WHAT NEEDS TO BE DONE
In your copy, include every line of the listing below exactly but none of the pictures.

SUPPLIED MATERIAL
== Segment start ==

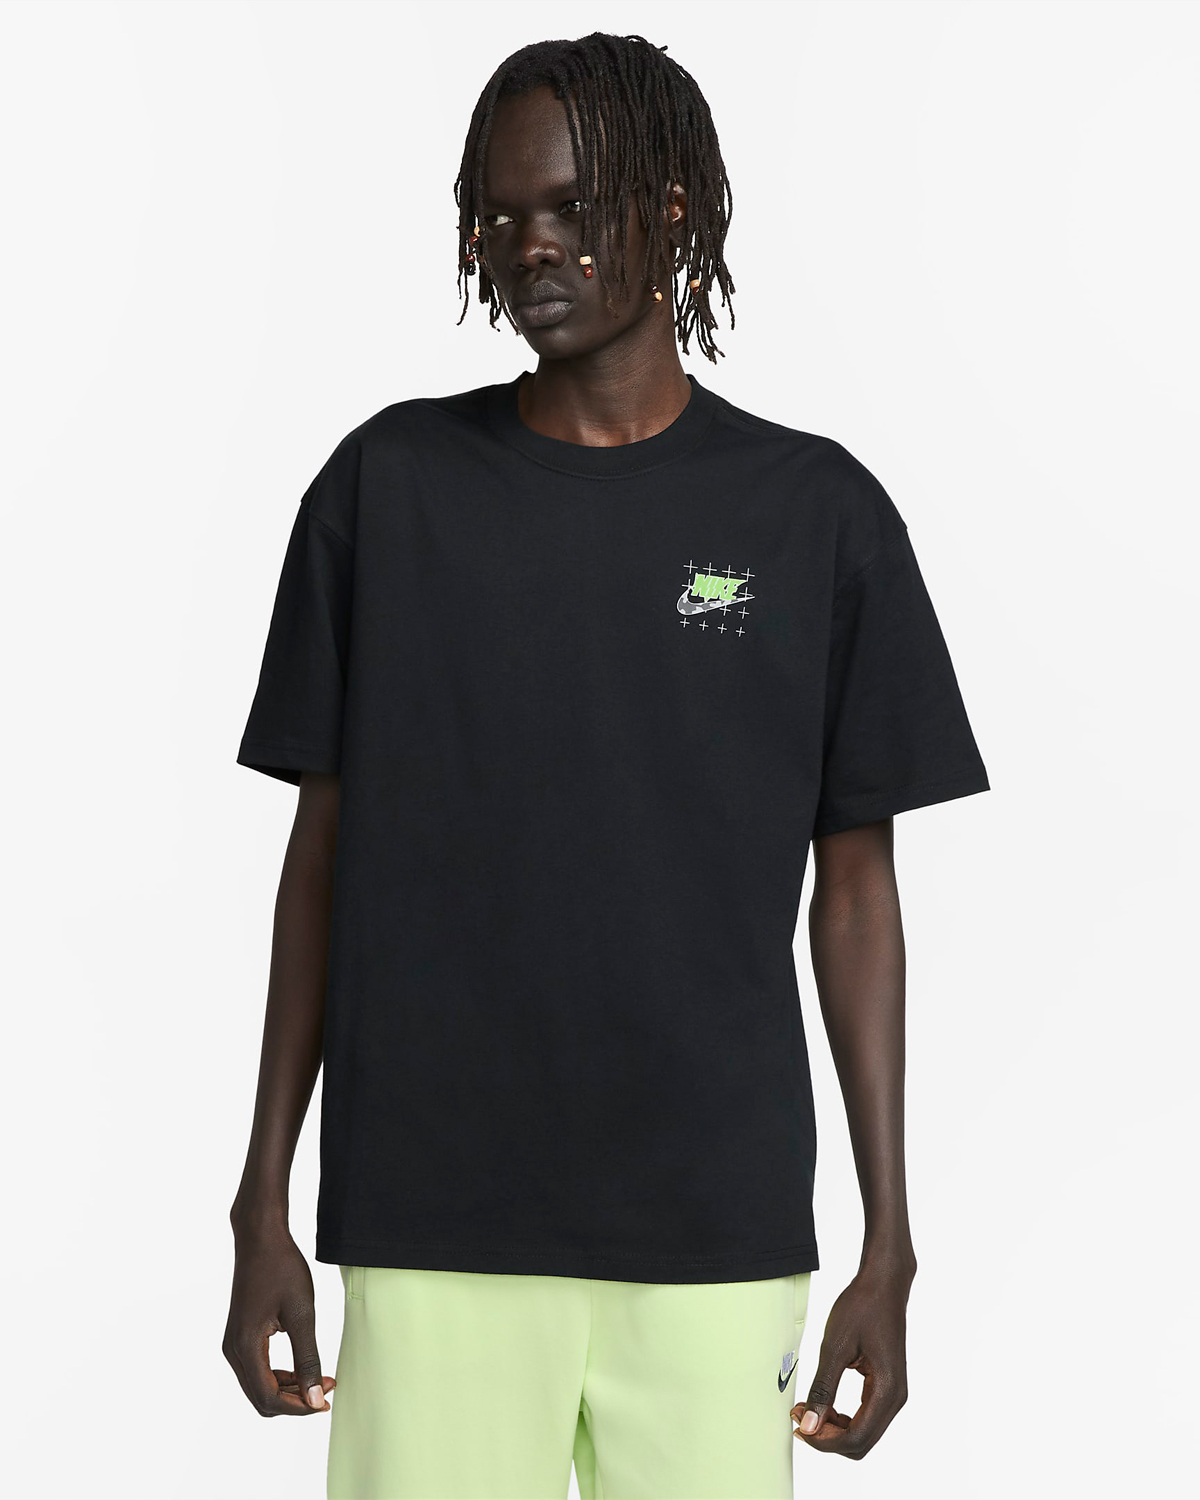 Nike-Sportswear-Air-Max-T-Shirt-Black-Green-1
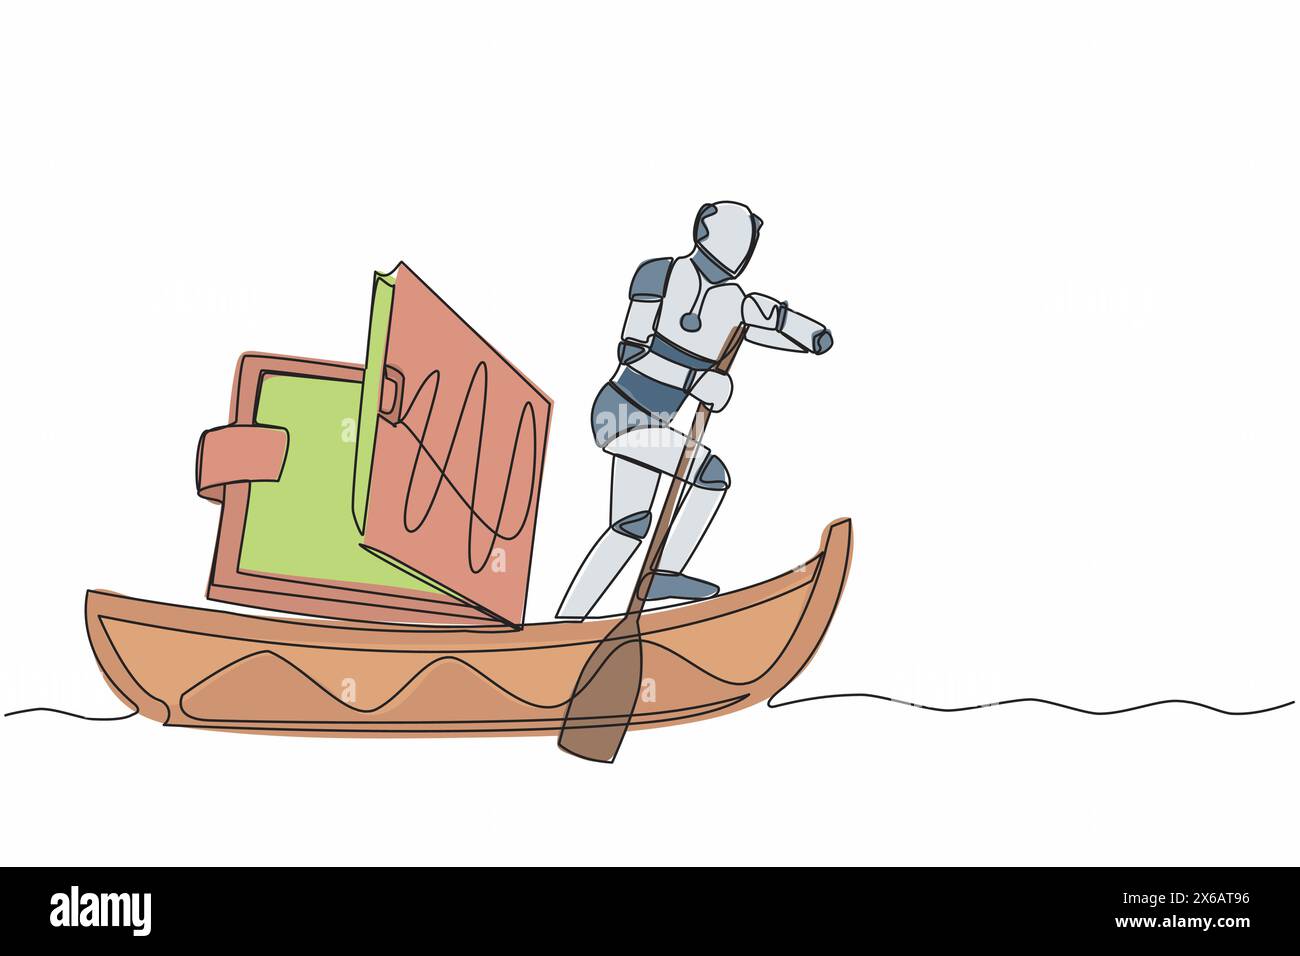 Robot de dessin continu d'une ligne naviguant loin sur le bateau avec portefeuille. Problème dans l'entreprise technologique en raison de la crise économique. Organisme cybernétique robot humanoïde Illustration de Vecteur
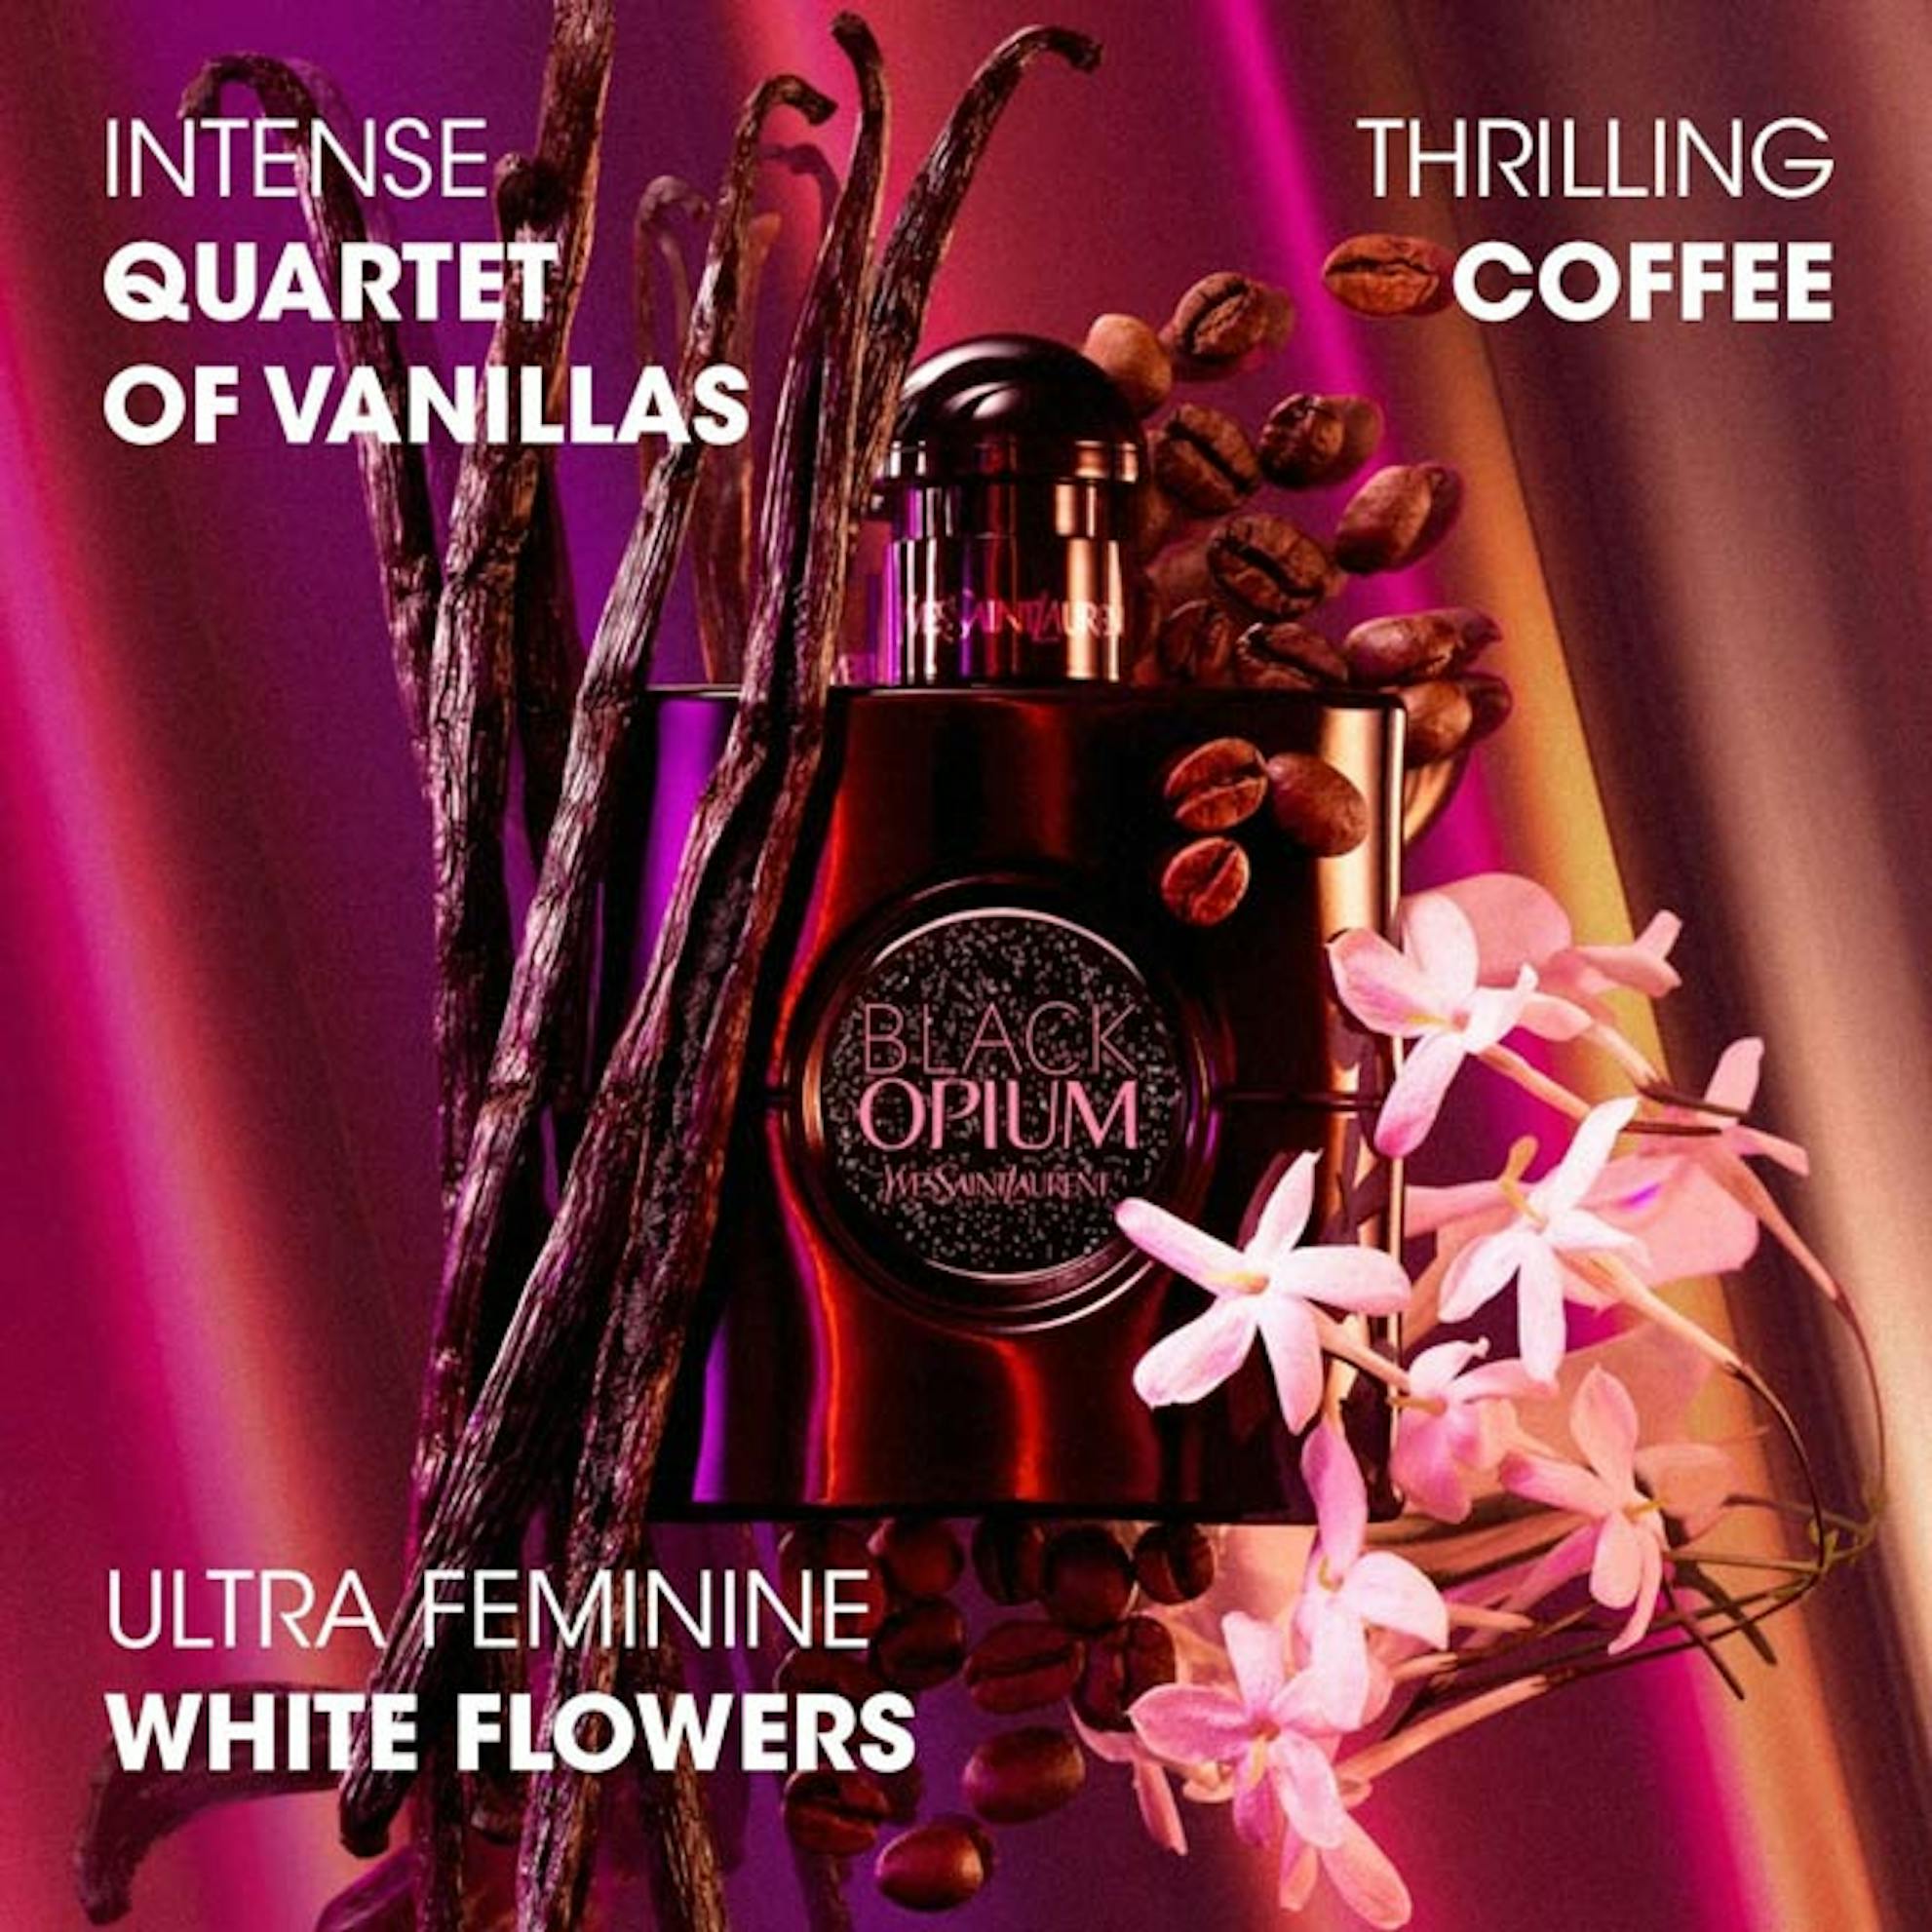 GIFT! Yves Saint Laurent Black Opium Le Parfum - Parfum (mini size

== Segment end ==

RESPONSE AREA
 Nike-Sportswear-Air-Max-T-Shirt-Black-Green-1
 Robot de dessin continu d'une ligne naviguant loin sur le bateau avec portefeuille. Problème dans l'entreprise technologique en raison de la crise économique. Organisme cybernétique robot humanoïde Illustration de Vecteur
 GIFT! Yves Saint Laurent Black Opium Le Parfum - Parfum (mini size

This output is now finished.